___ Provided material ___

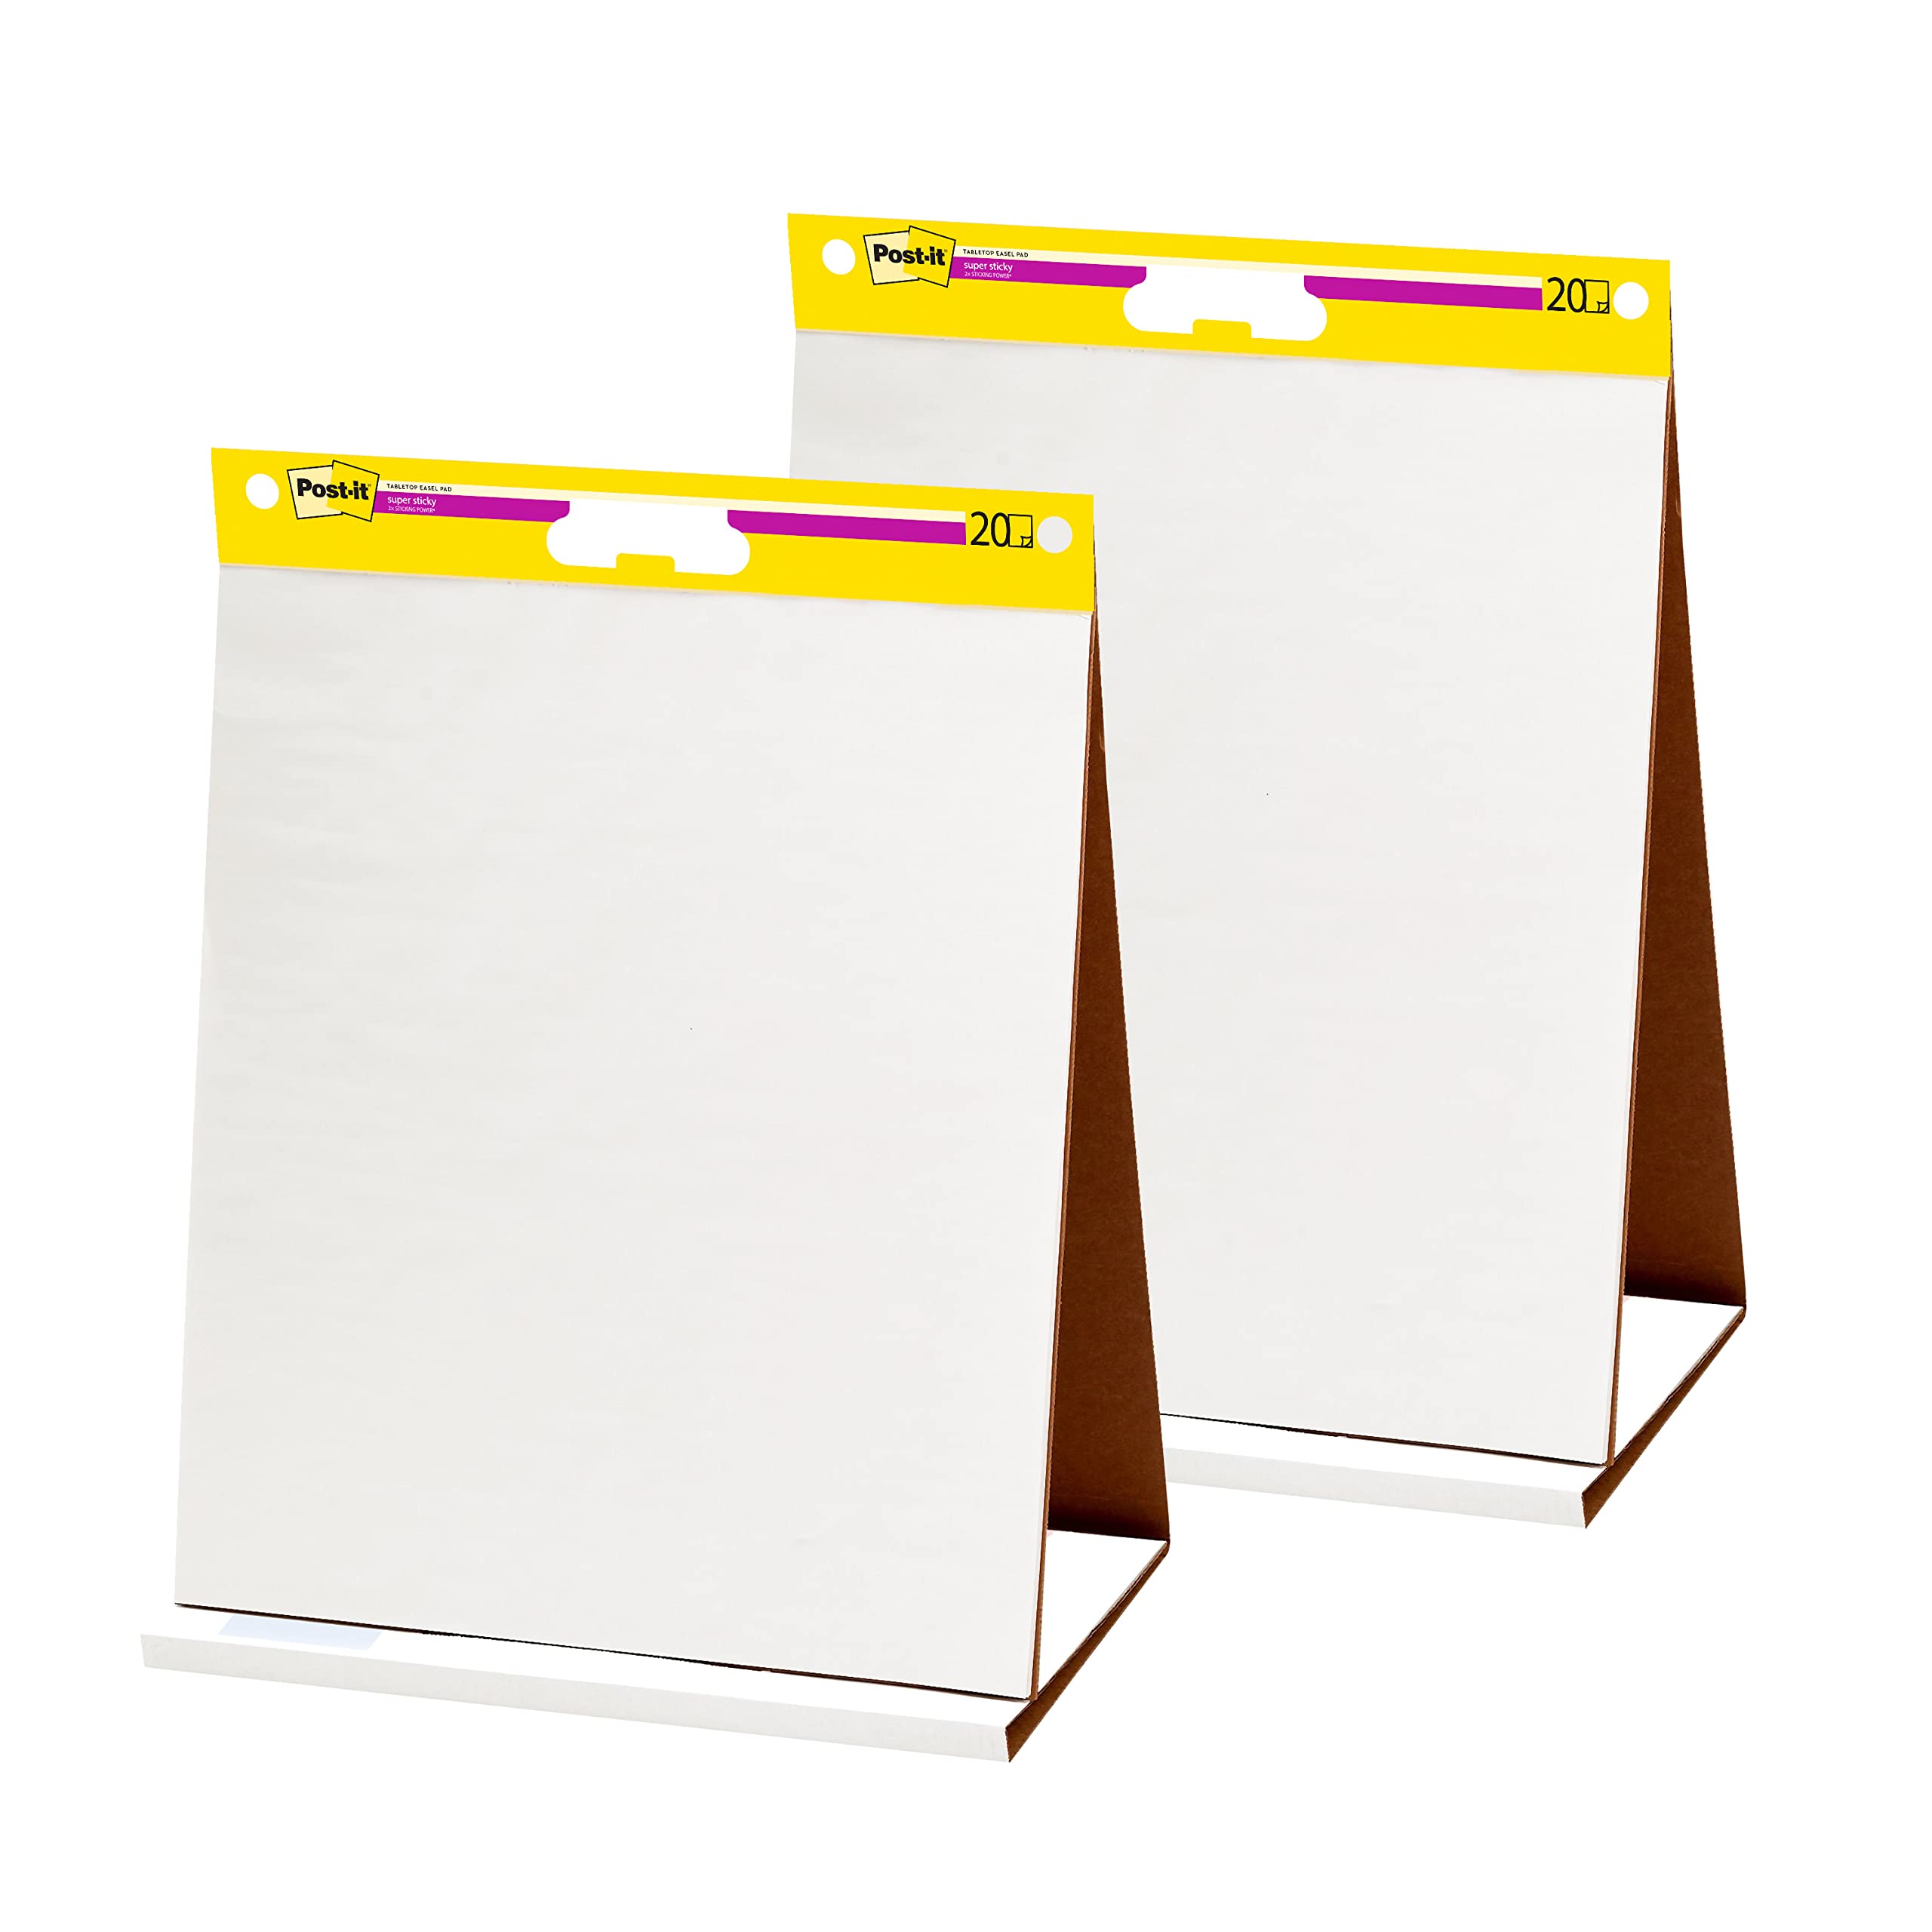 Post-it Doodle Pad, Portable Art Easel, Self-Stick Tabletop Easel Pad, 20 in x 23 in, 20 Sheets/Pad, 2 Pads/Pack (563R-DP)
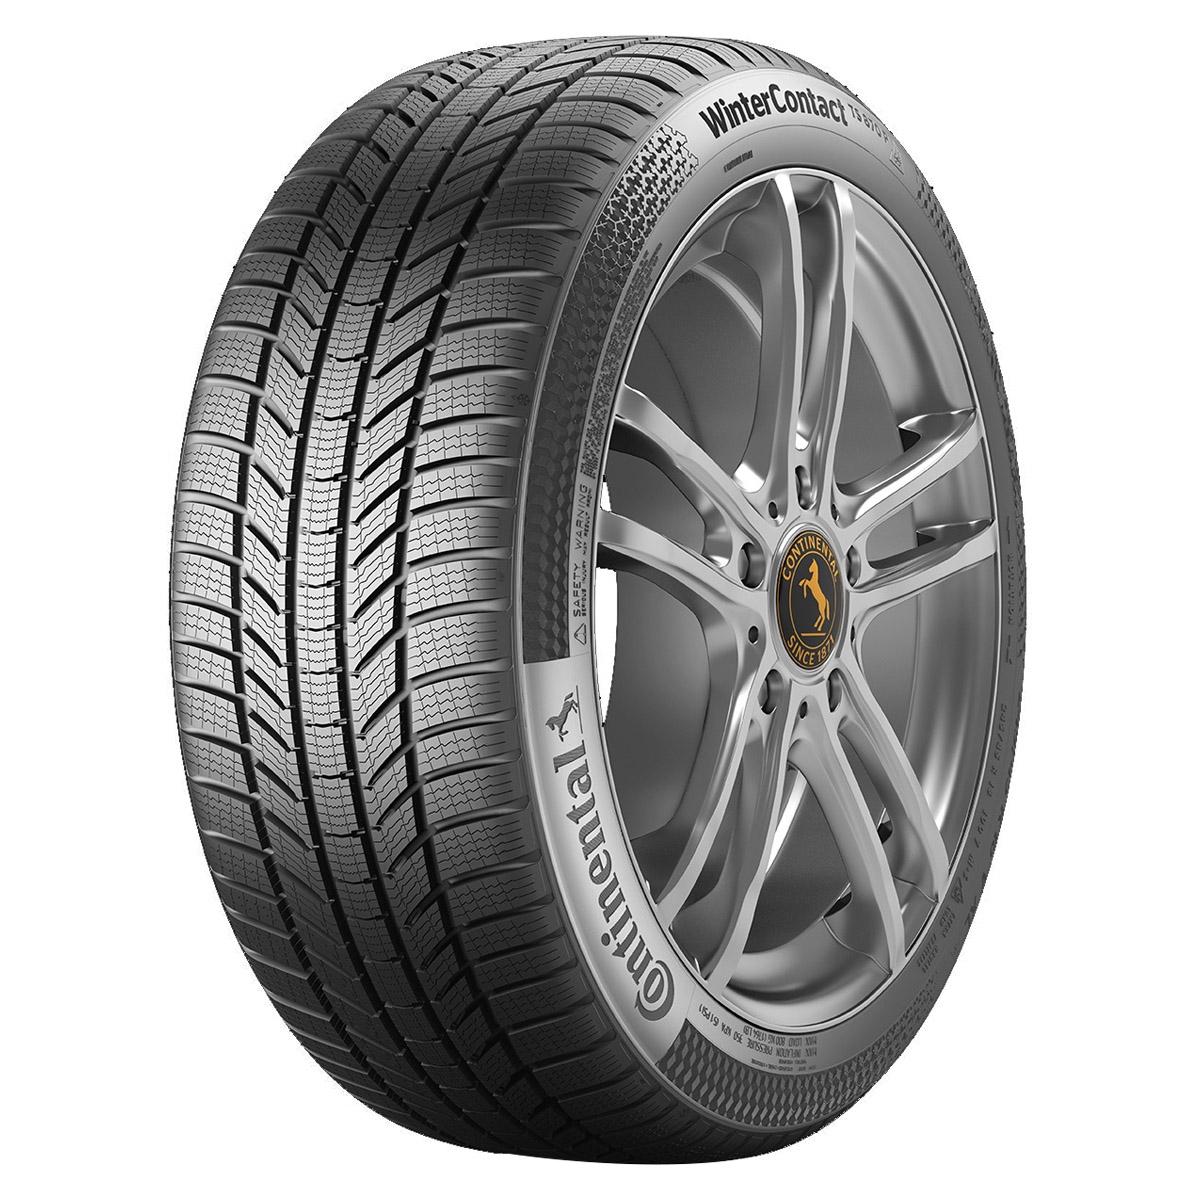 Anvelope iarna CONTINENTAL WINTER CONTACT TS870 P FR 235/55 R19 105T
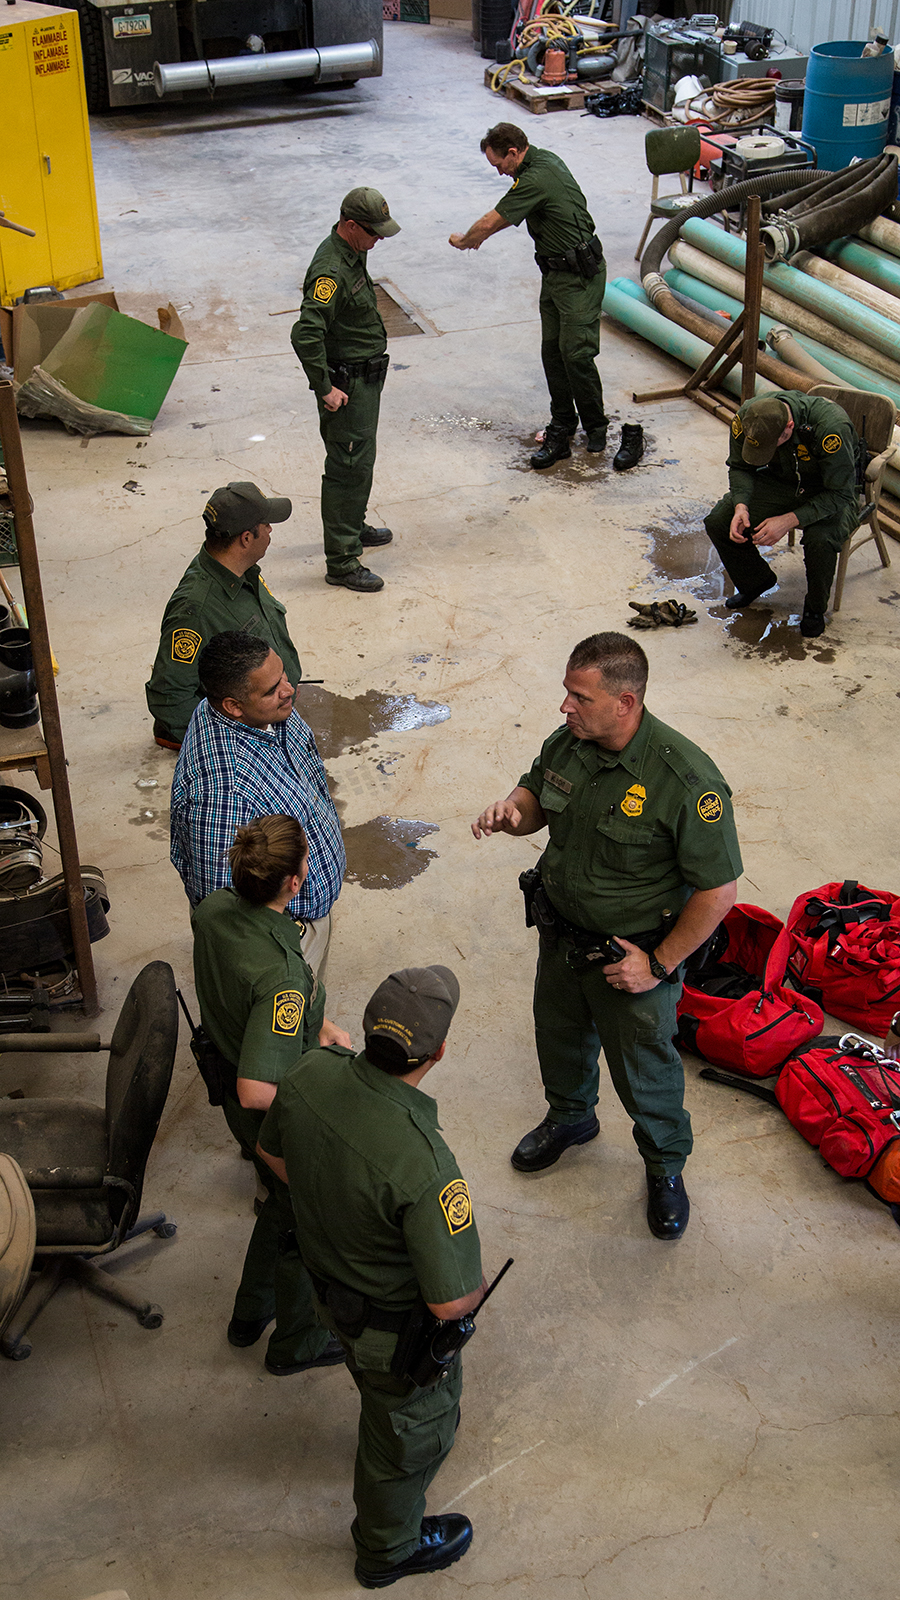 A photo showing Border Patrol agents gathering after exploring. the tunnel
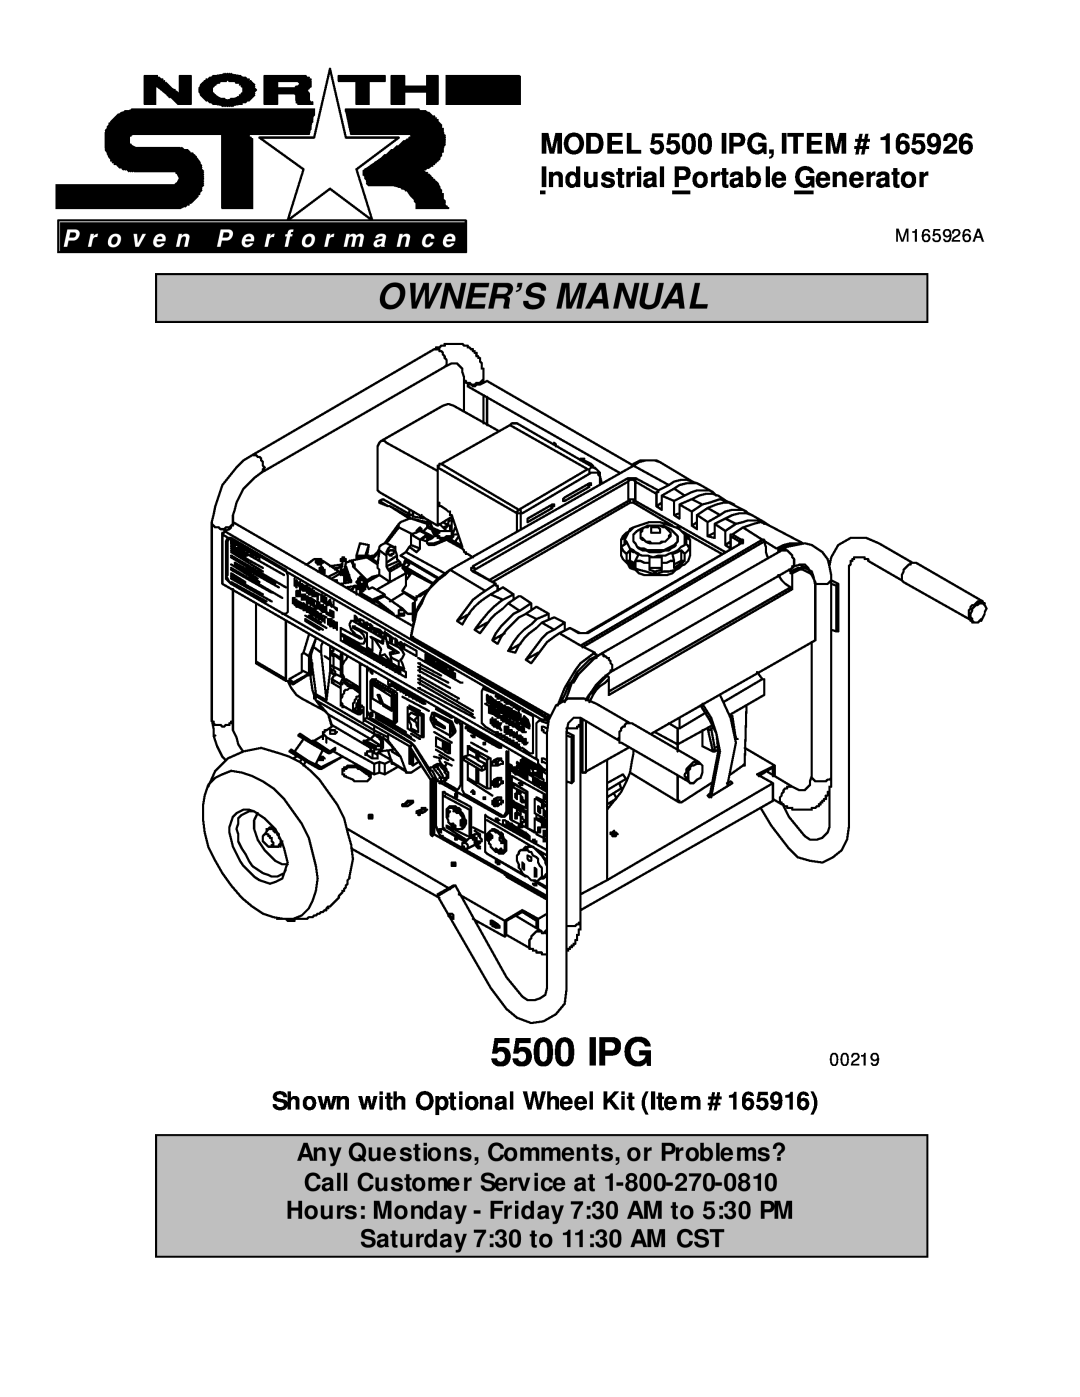 North Star 5500 IPG owner manual Shown with Optional Wheel Kit Item #, P r o v e n P e r f o r m a n c e

___

Work instructions -
Write out nothing but the lines from the start of the data through the line with "A photo showing". Leave out the pictures.

Output of the exercise -
 Post-it Doodle Pad, Portable Art Easel, Self-Stick Tabletop Easel Pad, 20 in x 23 in, 20 Sheets/Pad, 2 Pads/Pack (563R-DP)
 Anvelope iarna CONTINENTAL WINTER CONTACT TS870 P FR 235/55 R19 105T
 A photo showing Border Patrol agents gathering after exploring. the tunnel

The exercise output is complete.